Should I use a bad/ mediocre gene model as input for STAR RNA-seq alignment?
In the STAR RNA-seq aligner manual I read that a gene model should be used when indexing a reference genome before alignment. https://github.com/alexdobin/STAR/blob/master/doc/STARmanual.pdf
--sjdbGTFfile species the path to the file with annotated transcripts in the standard GTF format. STAR will extract splice junctions from this file and use them to greatly improve accuracy of the mapping. While this is optional, and STAR can be run without annotations, using annotations is highly recommended whenever they are available. Starting from 2.4.1a, the annotations can also be included on the fly at the mapping step.
I would like to know if this is still recommended when working with non model organism species that has a bad or mediocre gene model.
Is there a risk that RNA-seq reads will be aligned in the wrong location because of a mistakes in the gene model? How big is this risk?
A goal or the RNA-seq alignment is to improve / curate the gene model.
Do I need to rerun all my RNA-seq alignment (ie. re-create RNA-seq BAM files) every time I have slightly or substantially improved my gene model?
Or does 2-pass mapping mode already reduce the need for re-running after having upgraded the gene model?
For the most sensitive novel junction discovery,I would recommend running STAR in the 2-pass mode. It does not increase the number of detected novel junctions, but allows to detect more splices reads mapping to novel junctions. The basic idea is to run 1st pass of STAR mapping with the usual parameters, then collect the junctions detected in the rst pass, and use them as "annotated" junctions for the 2nd pass mapping.

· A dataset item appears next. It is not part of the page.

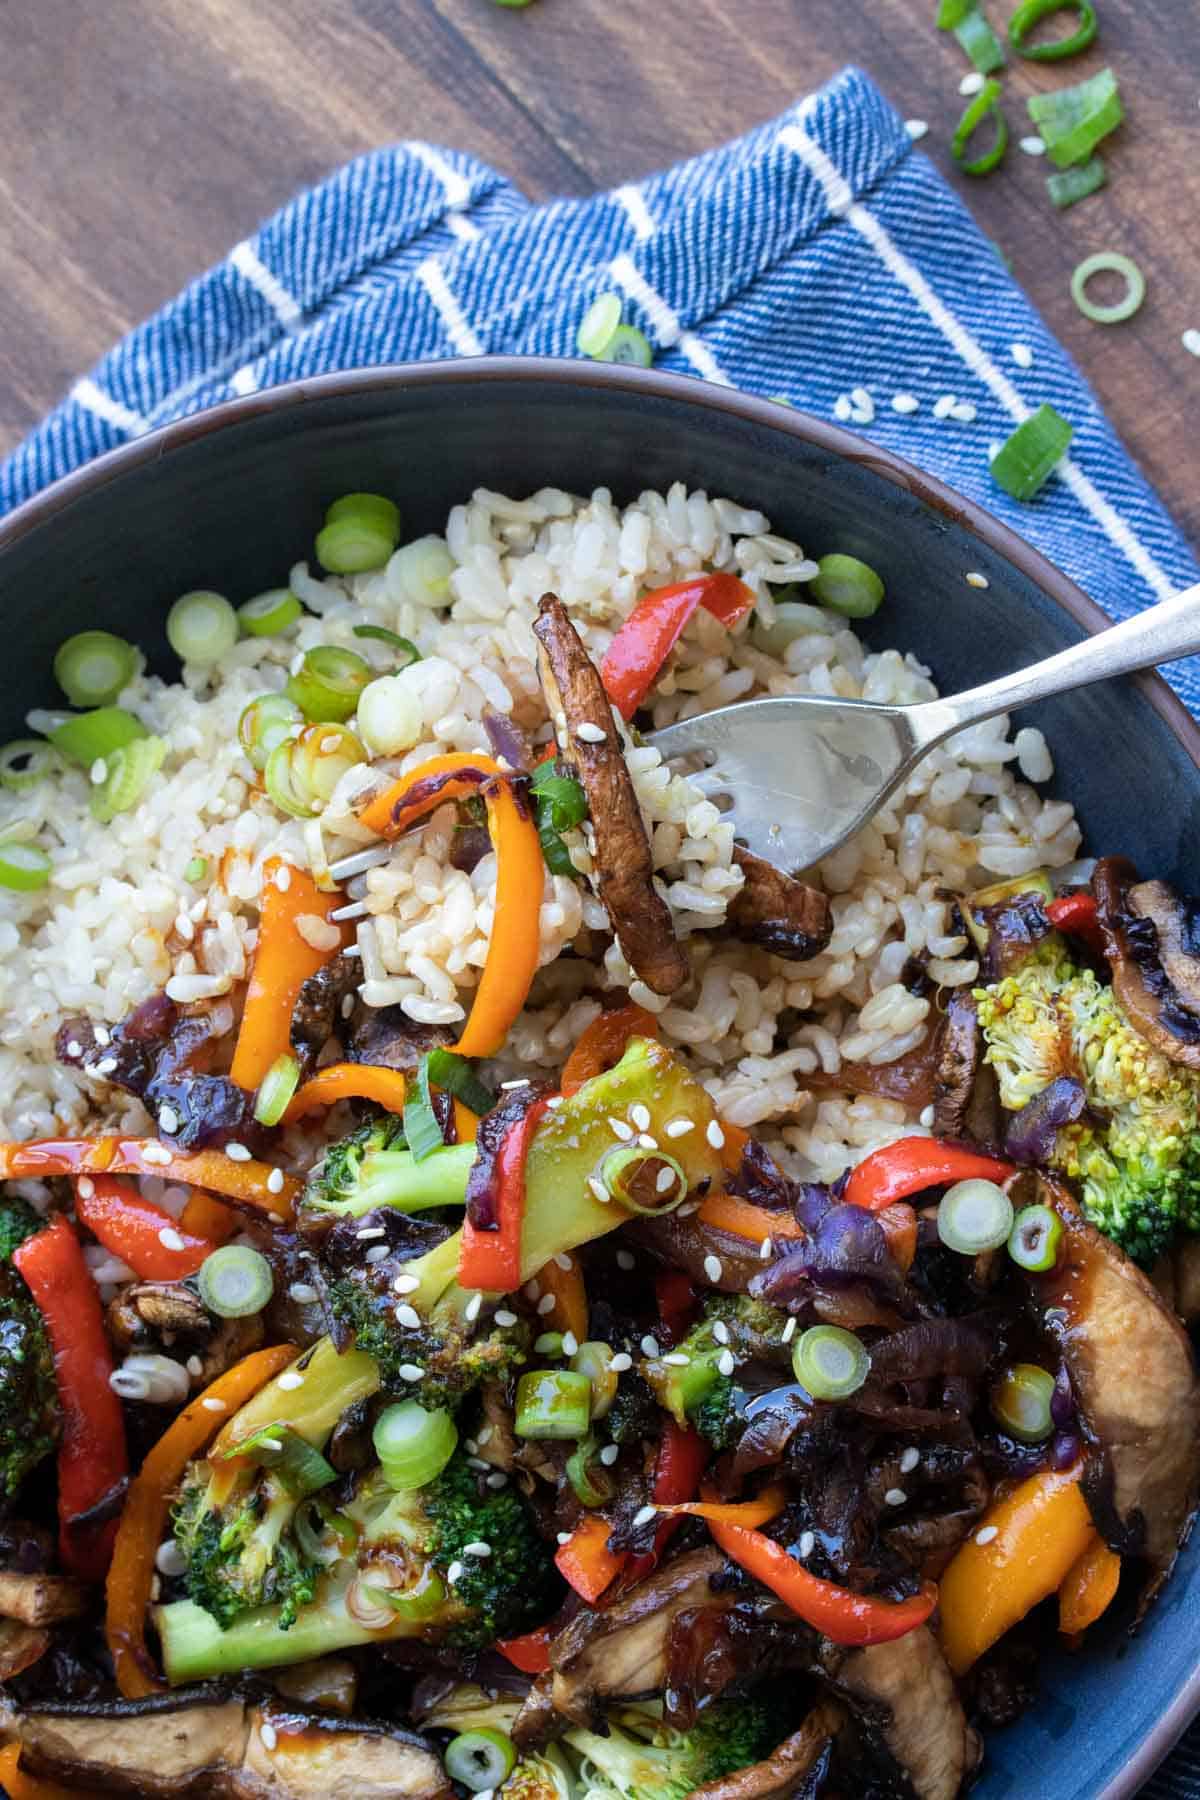 Fork getting a bite of teriyaki stir fried veggies over rice in a black bowl on a blue striped towel.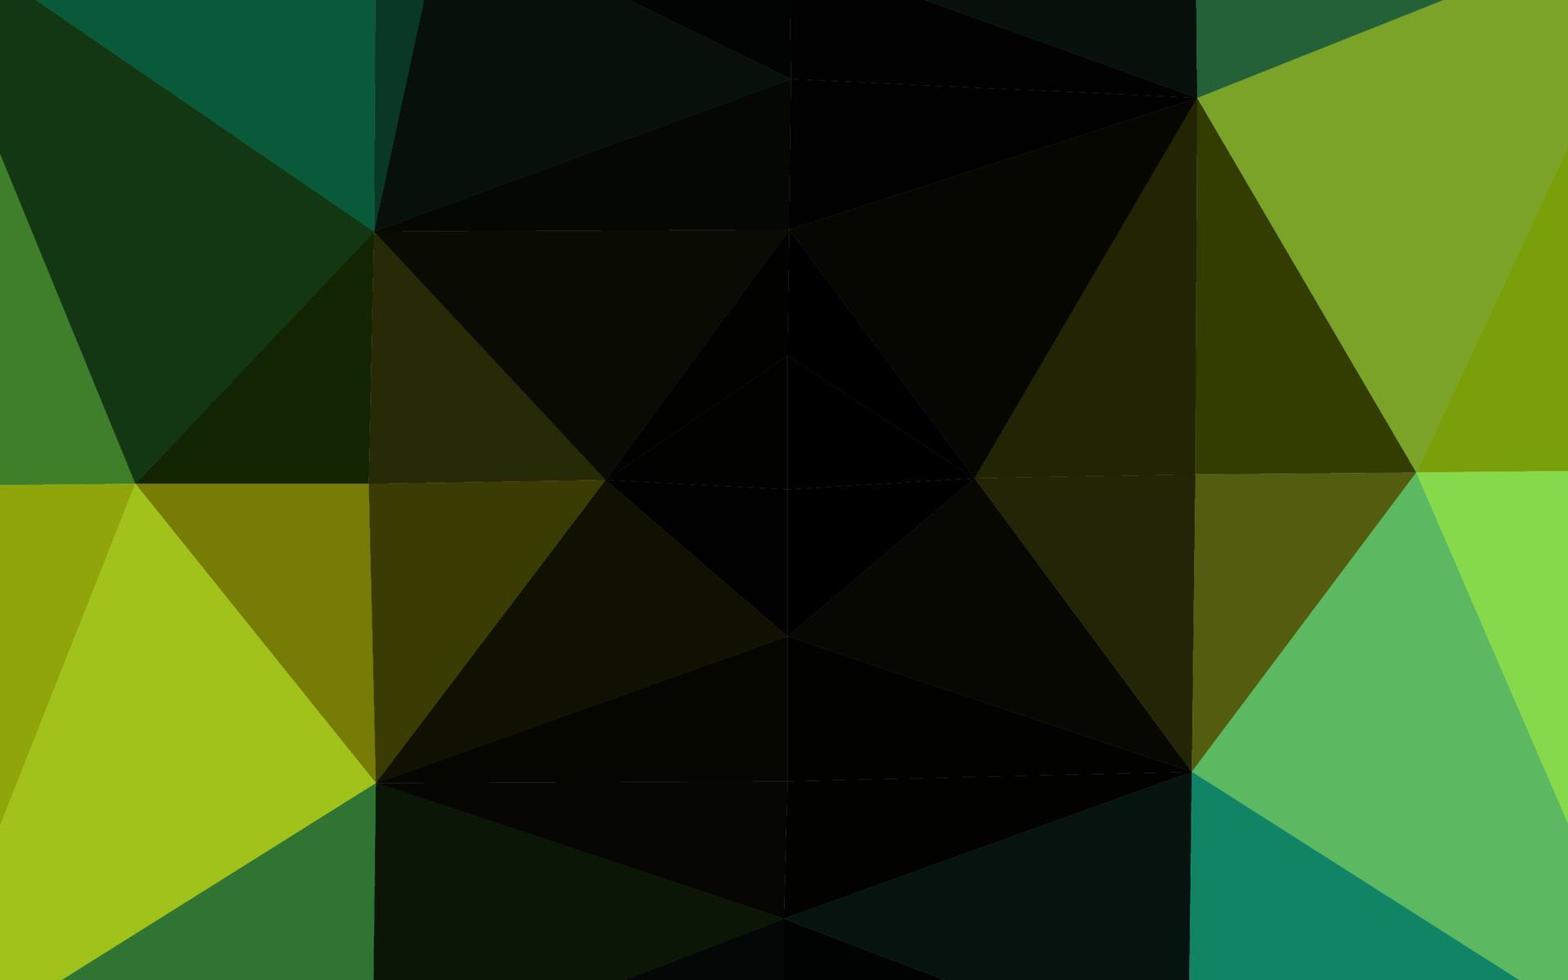 Light Green, Yellow vector low poly texture.

Should I always do multi-sample 2-pass mapping? Also if the RNA-seq samples are from multiple different projects / experiments?
For a study with multiple samples, it is recommended to collect 1st pass junctions from all samples. 1. Run 1st mapping pass for all samples with "usual" parameters. Using annotations is recom- mended either a the genome generation step, or mapping step. 2. Run 2nd mapping pass for all samples , listing SJ.out.tab files from all samples in --sjdbFileChrStartEnd /path/to/sj1.tab /path/to/sj2.tab ....
Does this mean that I should always re-align all RNA-seq samples from fastq after having received new RNA-seq samples? (because the new RNA-seq samples might cause a new splice junction to be considered for alignment of the existing RNA-seq samples?)